Vor dem Hintergrund der lange sehr liberalen palästinensischen Gesellschaft mag das reaktionäre Staatsmodell der Hamas besonders überkommen und vorgestrig erscheinen. Im Vergleich mit dem Weltbild des »Islamischen Staats« wirkt die Hamas jedoch wie ein religiöser Männergesangsverein. Hier könnte ein Grund liegen, warum Israel die Bodenoffensive beendet hat, ohne den Gegner militärisch zu vernichten.

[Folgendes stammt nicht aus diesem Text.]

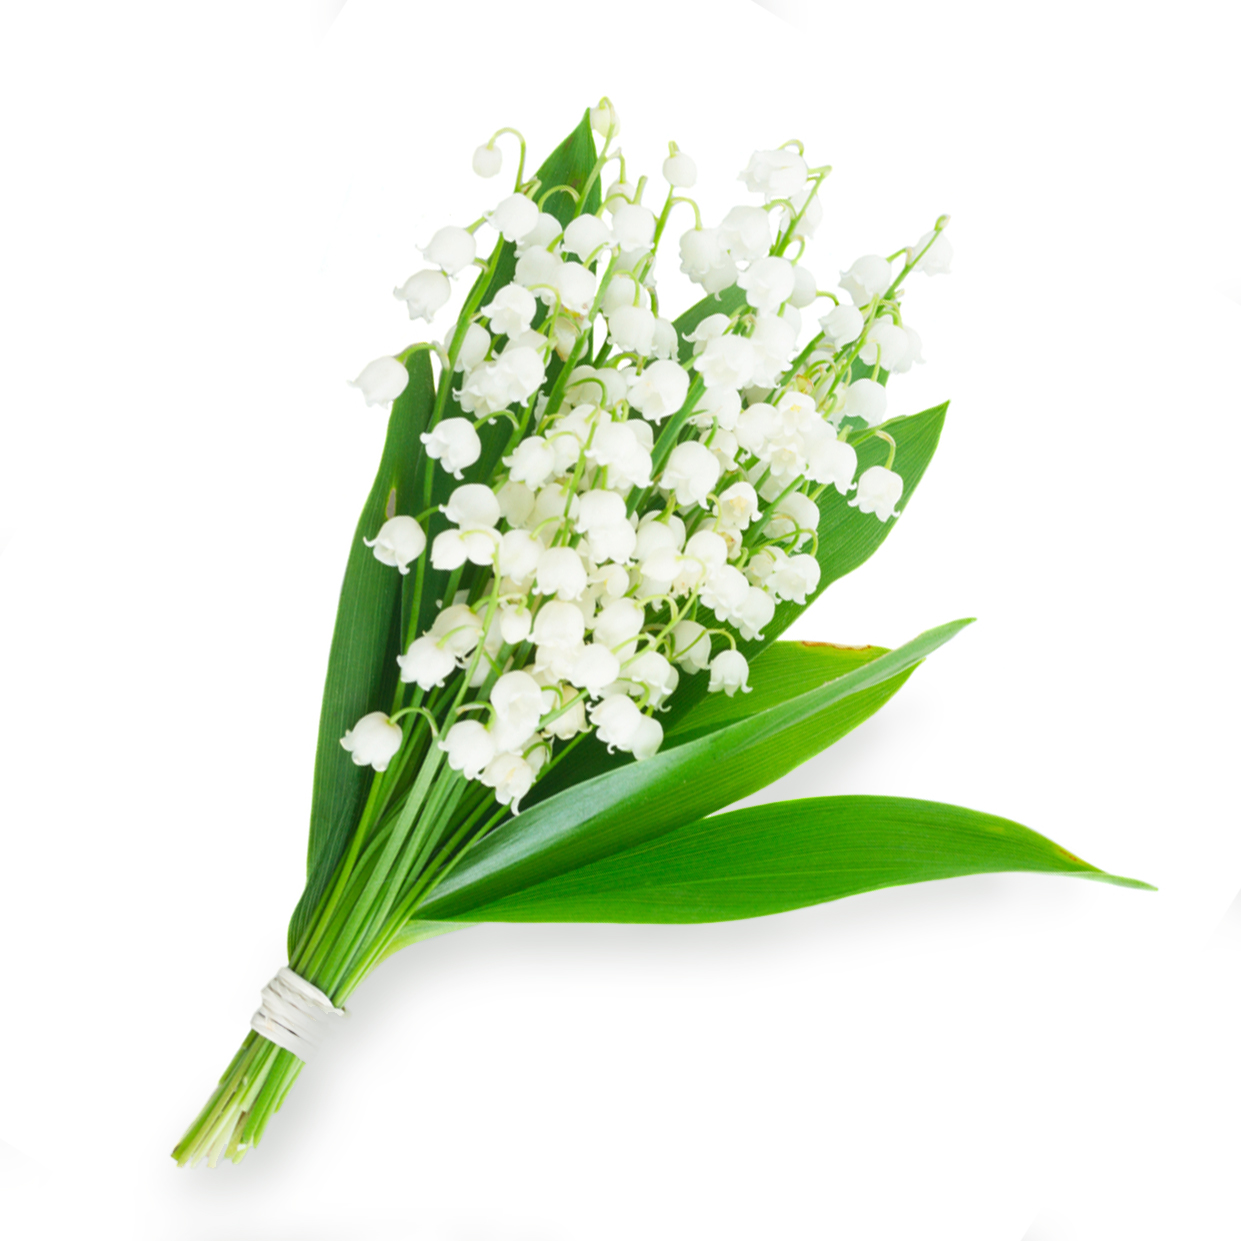 LILY OF THE VALLEY - sent on April 25th, 2022

Die Hamas wird noch als Ordnungsmacht in Gaza gebraucht, um deutlich radikalere Gruppen in Schach zu halten.

Im Internet sind in letzter Zeit Videos aufgetaucht, in denen sich vorgeblich palästinensische Fedajin zum »Islamischen Staat« bekennen. Ihre Zahl scheint im Moment noch recht überschaubar, aber es ist nicht ausgeschlossen, daß sich hier die ersten Keimzellen einer bald schon größeren Bewegung bilden. Die Hamas muß also zu schwach sein, um Israel anzugreifen, aber immer noch stark genug, um mit den noch viel unangenehmeren Kräften fertig zu werden.

Fürs erste hat Israel seine Bodentruppen abgezogen: Mission erfüllt, alle Tunnel sind angeblich zerstört. Für Palästinenser, die vor dem Krieg in Syrien auf der Flucht sind, ist das jedoch eine schlechte Nachricht. Denn durch die unterirdischen Röhren schmuggelte die Hamas nicht nur Waffen nach Gaza, sondern schleuste auch mehr als 1000 palästinensische Flüchtlinge aus Syrien ein. Das schreibt die bekannte Nahost-Korrespondentin Inge Günther auf dem Onlineportal Al-Qantara. Die Hamas heißt die neuen Bewohner ausdrücklich willkommen. Das ist anders als im Libanon oder in Jordanien, wo die meisten der grob geschätzt 70000 Palästinenser untergekommen sind, die Syrien bis jetzt verlassen haben. In den Nachbarländern sind sie nur geduldet, in Gaza kümmern sich die Islamisten um die Neuankömmlinge und geben ihnen, so weit möglich, bezahlte Arbeit.

Die Hamas ist dort nicht nur eine extrem konservative politische Organisation, sie ist auch eine soziale Bewegung, die Krankenhäuser, Kinderheime und Kantinen für die Armen unterhält. Auch wenn Bedürftige oft kein Geld für die Leistungen bezahlen müssen, ist der Service nicht umsonst – die Islamisten erwarten im Gegenzug Gehorsam gegenüber der Religion und ihren rigiden Regeln.